All lectures are in Dudley Recital Hall on the UH campus. They are free and open to the public. You may also attend virtually via Instagram Live! View our archive of past lectures on our YouTube Channel.

Rachel Weiss: September 15, 3–4:30pm
Gina Beavers: September 29, 3–4:30pm
Mary Maggic: November 29, 6–7:30pm
Liza Enebeis: February 2, 6:30–8pm
William Camargo: February 16, 3–4:30pm
Samara Golden: February 23, 3–4:30pm

Rachel Weiss is a writer, educator, and lapsed curator, currently Professor of Arts Administration and Policy at the School of the Art Institute of Chicago. Weiss has published extensively on contemporary art in journals, magazines, and newspapers in the US, Europe, Latin America, Asia, and Australia. Major publications includeMaking Art Global: The Third Havana Biennial (Afterall Books), To and From Utopia in the New Cuban Art (University of Minnesota Press), Por América: la obra de Juan Francisco Elso Universidad Nacional Autónoma de México, Instituto de Investigaciones Estéticas: co-author and editor), and On Art, Artists, Latin America, and Other Utopias by Luis Camnitzer (University of Texas Press: editor). Major curatorial projects include Global Conceptualism 1950s–1980s: Points of Origin (Queens Museum of Art, NYC: co-director with with Luis Camnitzer and Jane Farver), Ante América (Biblioteca Luis Ángel Arango, Bogotá, and traveled in South, North, and Central America: co-curator, with Gerardo Mosquera and Carolina Ponce de León), and The Nearest Edge of the World: Art and Cuba Now (traveled throughout the US: co-curator with Gerardo Mosquera). 

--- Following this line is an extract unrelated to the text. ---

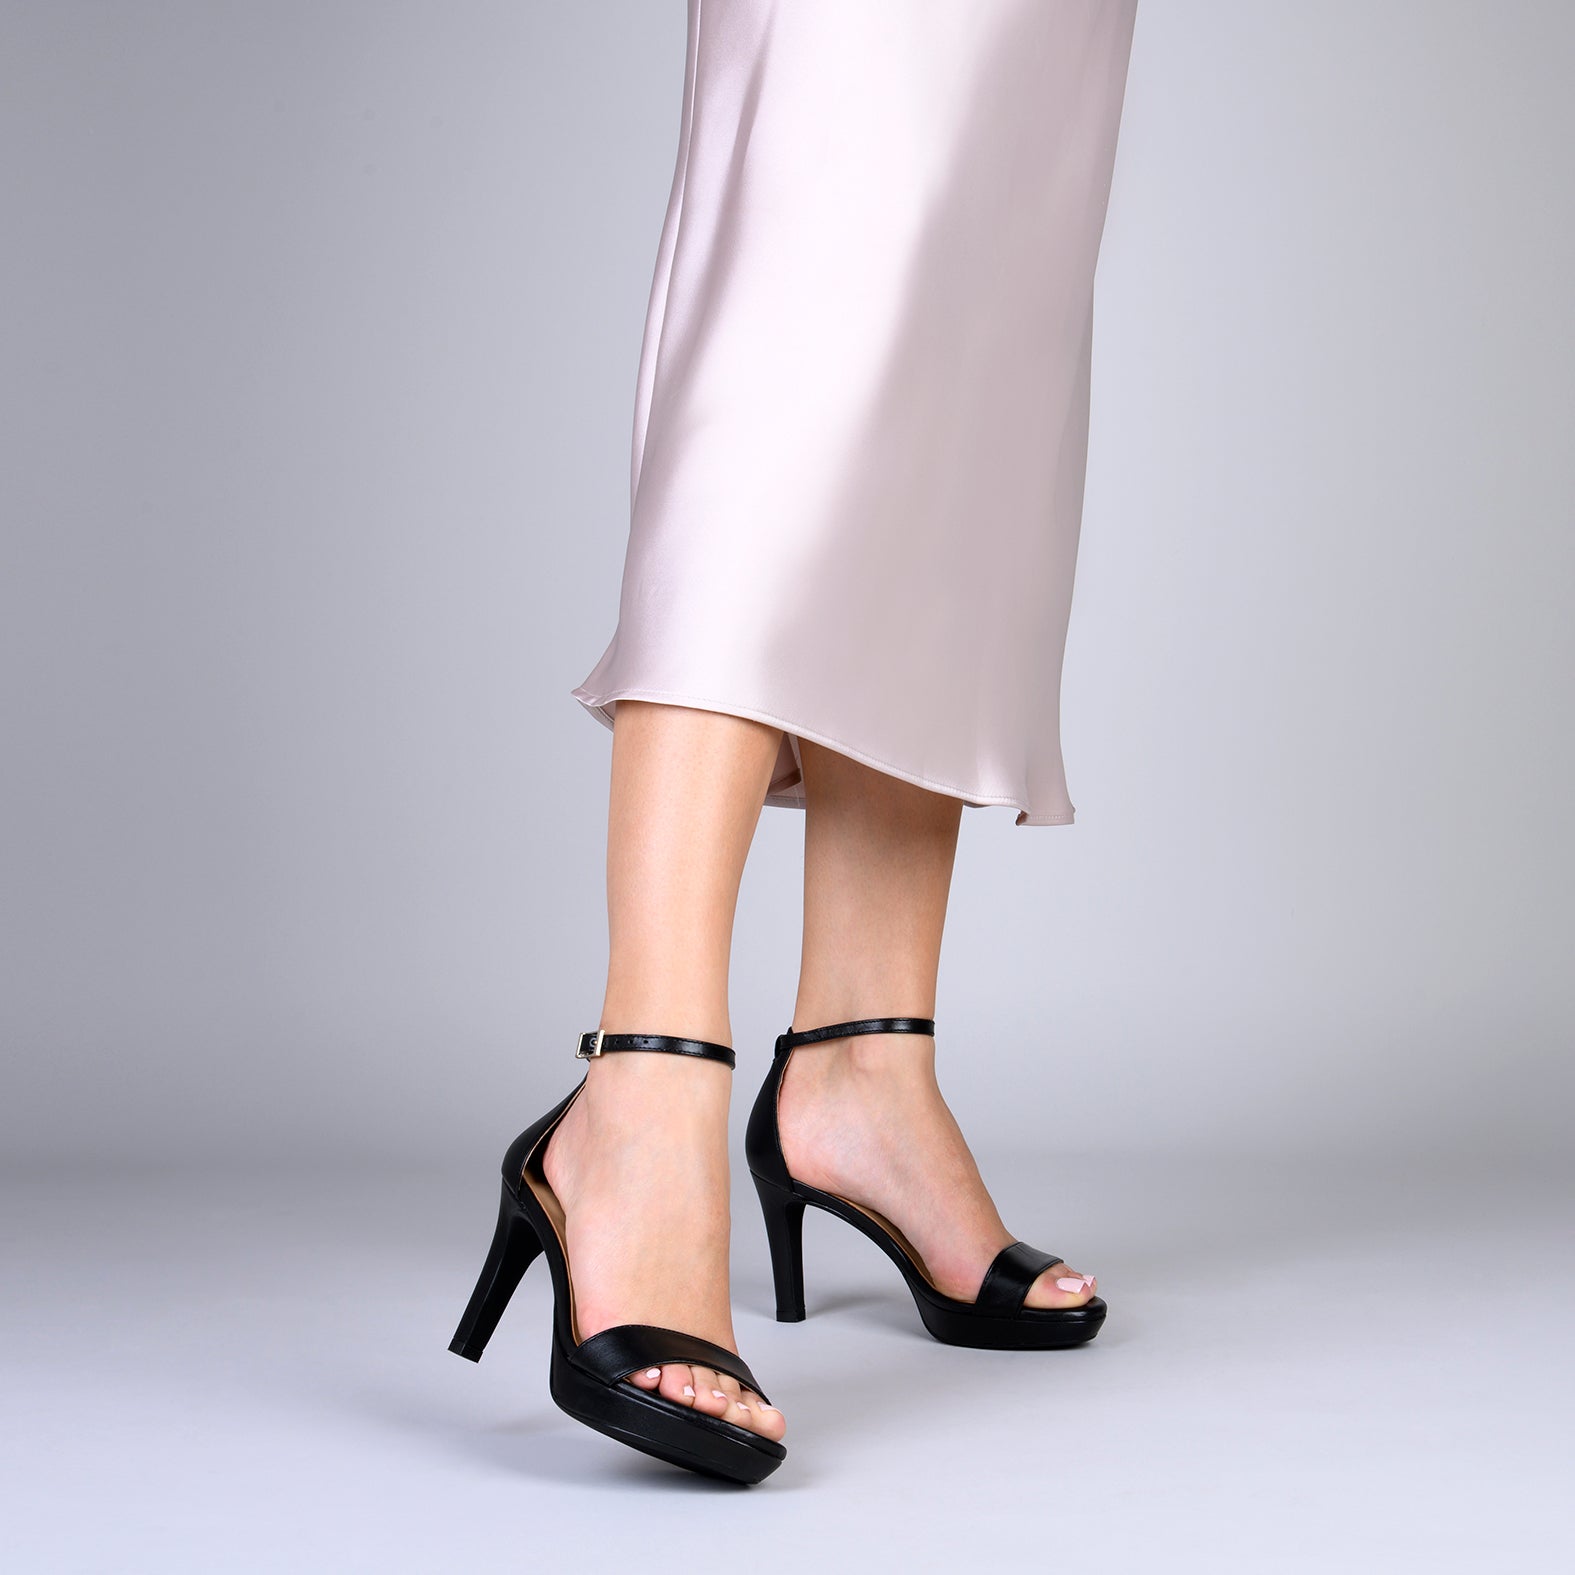 PARTY – BLACK  high-heeled platform sandals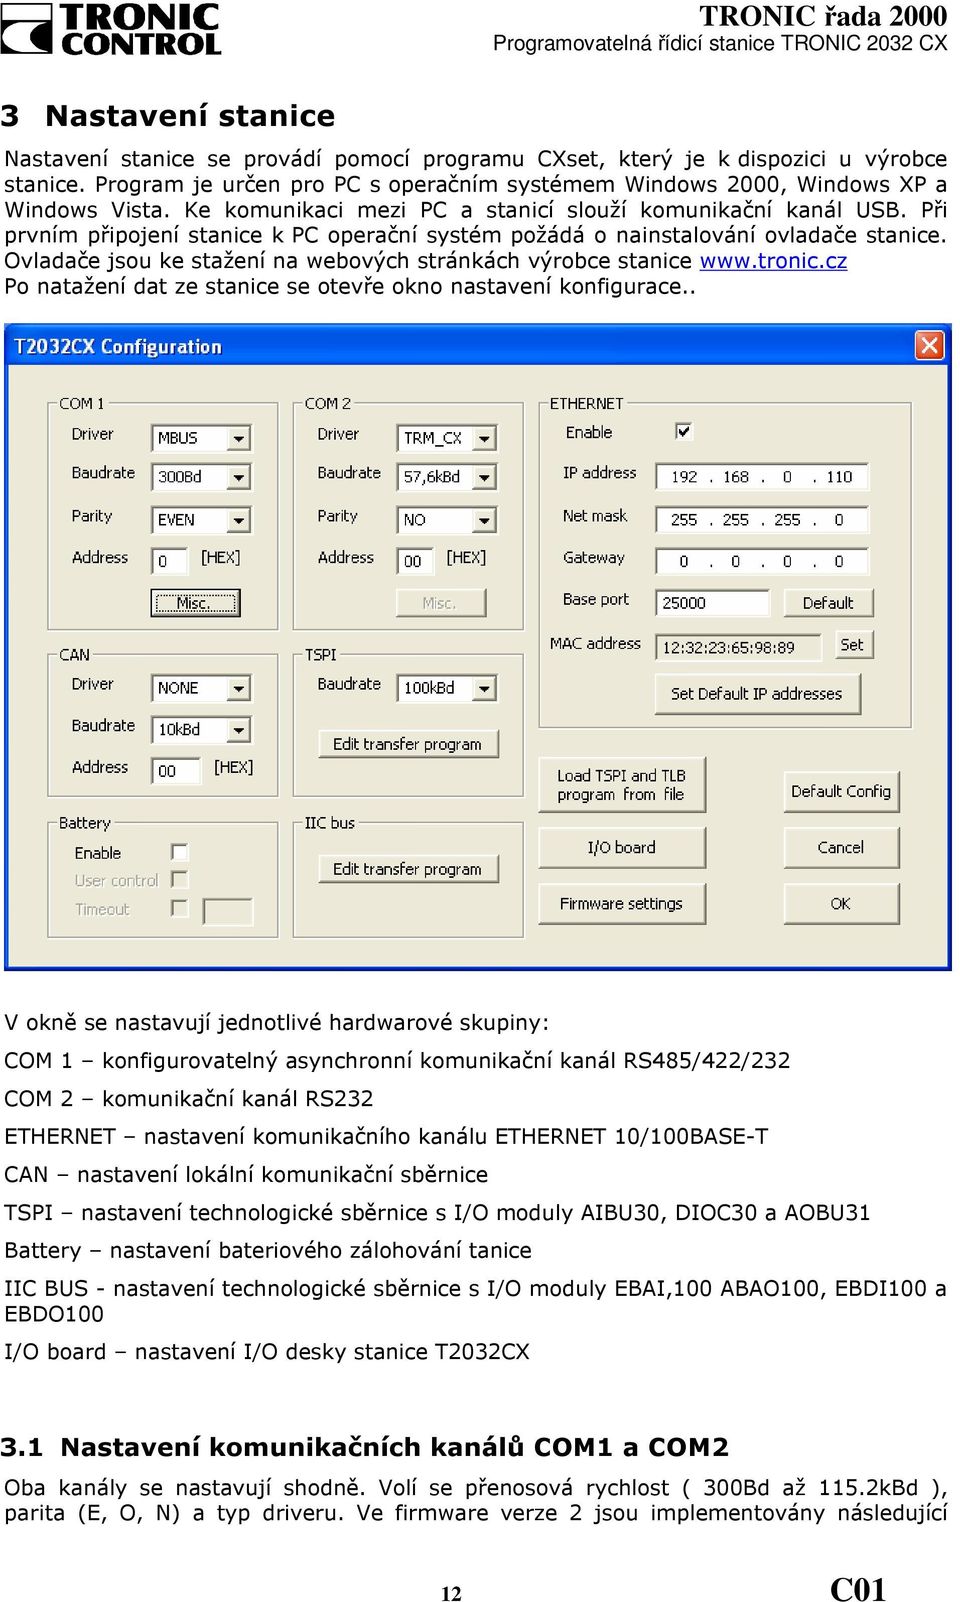 Při prvním připojení stanice k PC operační systém požádá o nainstalování ovladače stanice. Ovladače jsou ke stažení na webových stránkách výrobce stanice www.tronic.

Gina Beavers is an artist who lives and works in Newark, New Jersey. She holds a BA in Studio Art and Anthropology from the University of Virginia (1996), an MFA in Painting and Drawing from the School of the Art Institute of Chicago (2000) and an MS in Education from Brooklyn College (2005).  

She creates paintings and installations from photos culled from the Internet and social media and rendered in high Acrylic relief. Series include paintings based on the creative realms of body painting, social media user’s photos of their meals, make-up tutorials, memes, and body builder selfies.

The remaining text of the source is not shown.